In reply to: Alexander Korotkov (#129)

Re: [HACKERS] Bug in to_timestamp().

On Wed, Sep 19, 2018 at 2:57 PM Alexander Korotkov
<a.korotkov@postgrespro.ru> wrote:

On Tue, Sep 18, 2018 at 4:42 PM Alexander Korotkov
<a.korotkov@postgrespro.ru> wrote:

But, I found related issue in cf9846724. Before it was:

# select to_timestamp('2018 01 01', 'YYYY9MM9DD');
to_timestamp
------------------------
2018-01-01 00:00:00+03
(1 row)

But after it becomes so.

# select to_timestamp('2018 01 01', 'YYYY9MM9DD');
ERROR: invalid value "1 " for "MM"
DETAIL: Field requires 2 characters, but only 1 could be parsed.
HINT: If your source string is not fixed-width, try using the "FM" modifier.

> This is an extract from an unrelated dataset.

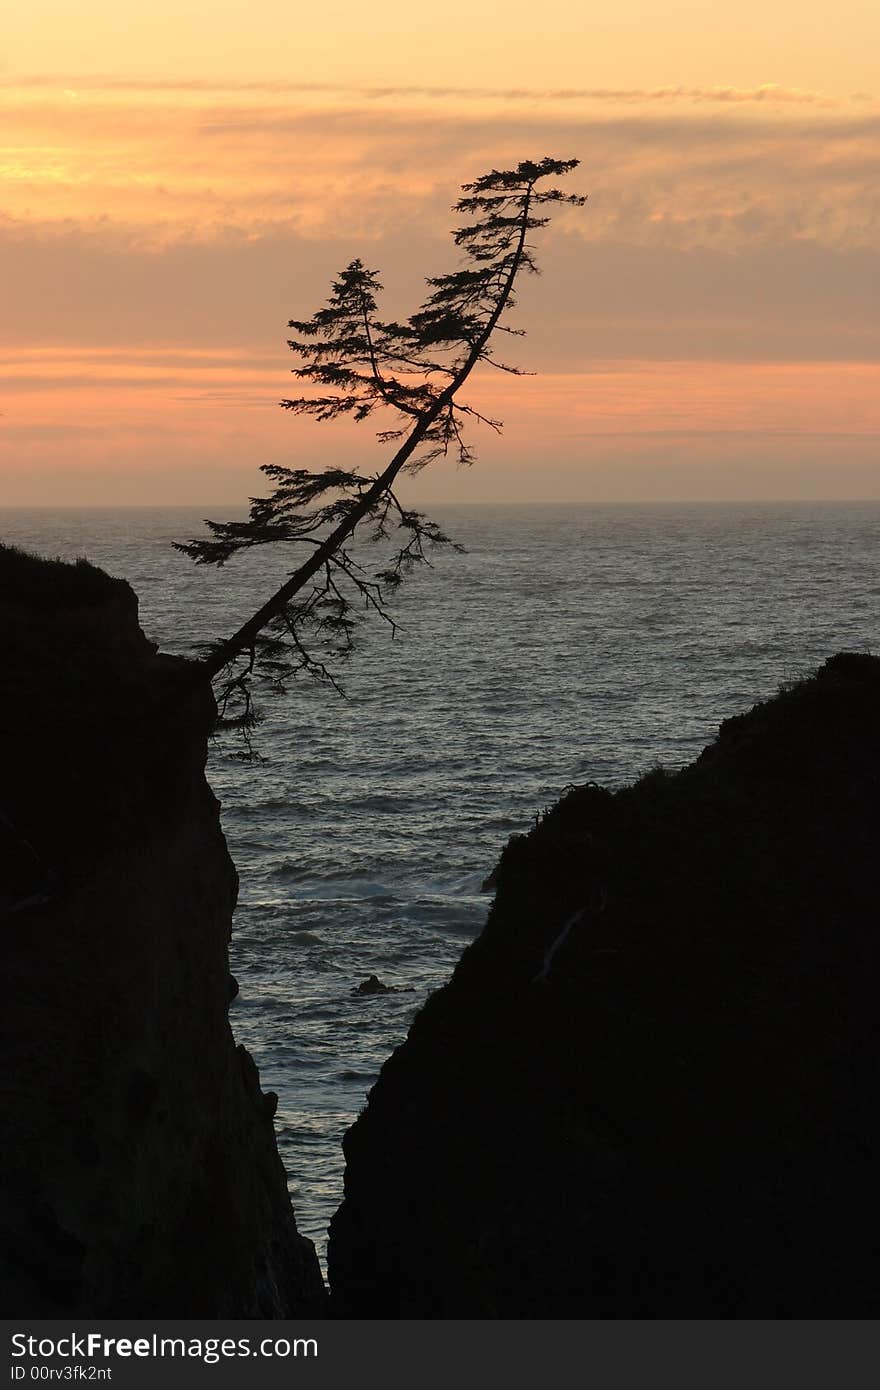 Silhouette of rocks and tree at sunset - Sunset Bay State Park. Silhouette of rocks and tree at sunset - Sunset Bay State Park

That happens because we've already skipped space "for free", and then
NODE_TYPE_CHAR eats digit. I've checked that Oracle doesn't allow
random charaters/digits to appear in format string.

select to_timestamp('2018 01 01', 'YYYY9MM9DD') from dual
ORA-01821: date format not recognized

So, Oracle compatibility isn't argument here. Therefore I'm going to
propose following fix for that: let NODE_TYPE_CHAR eat characters only
if we didn't skip input string characters more than it was in format
string. I'm sorry for vague explanation. I'll come up with patch
later, and it should be clear then.

Please find attached patch for fixing this issue. It makes handling
of format string text characters be similar to pre cf984672 behavior.
See the examples in regression tests and explanation in the commit
message. I'm going to commit this if no objections.

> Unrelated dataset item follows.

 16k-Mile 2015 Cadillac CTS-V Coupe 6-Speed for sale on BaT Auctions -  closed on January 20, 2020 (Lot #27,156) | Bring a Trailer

With this patch, to_date and to_timestamp behaving differently, see this:

edb=# SELECT to_date('18 12 2011', 'xDDxMMxYYYY');
to_date
--------------------
18-DEC-11 00:00:00
(1 row)

edb=# SELECT to_timestamp('18 12 2011', 'xDDxMMxYYYY');
to_timestamp
---------------------------
08-DEC-11 00:00:00 -05:00 <=========== Incorrect output.
(1 row)

Regards,
Amul

#131

amul sul

sulamul@gmail.com

over 7 years ago

In reply to: amul sul (#130)

Re: [HACKERS] Bug in to_timestamp().

On Wed, Sep 19, 2018 at 3:51 PM amul sul <sulamul@gmail.com> wrote:

On Wed, Sep 19, 2018 at 2:57 PM Alexander Korotkov

[...]

With this patch, to_date and to_timestamp behaving differently, see this:

edb=# SELECT to_date('18 12 2011', 'xDDxMMxYYYY');
to_date
--------------------
18-DEC-11 00:00:00
(1 row)

edb=# SELECT to_timestamp('18 12 2011', 'xDDxMMxYYYY');
to_timestamp
---------------------------
08-DEC-11 00:00:00 -05:00 <=========== Incorrect output.
(1 row)

Sorry, this was wrong info -- with this patch, I had some mine trial changes.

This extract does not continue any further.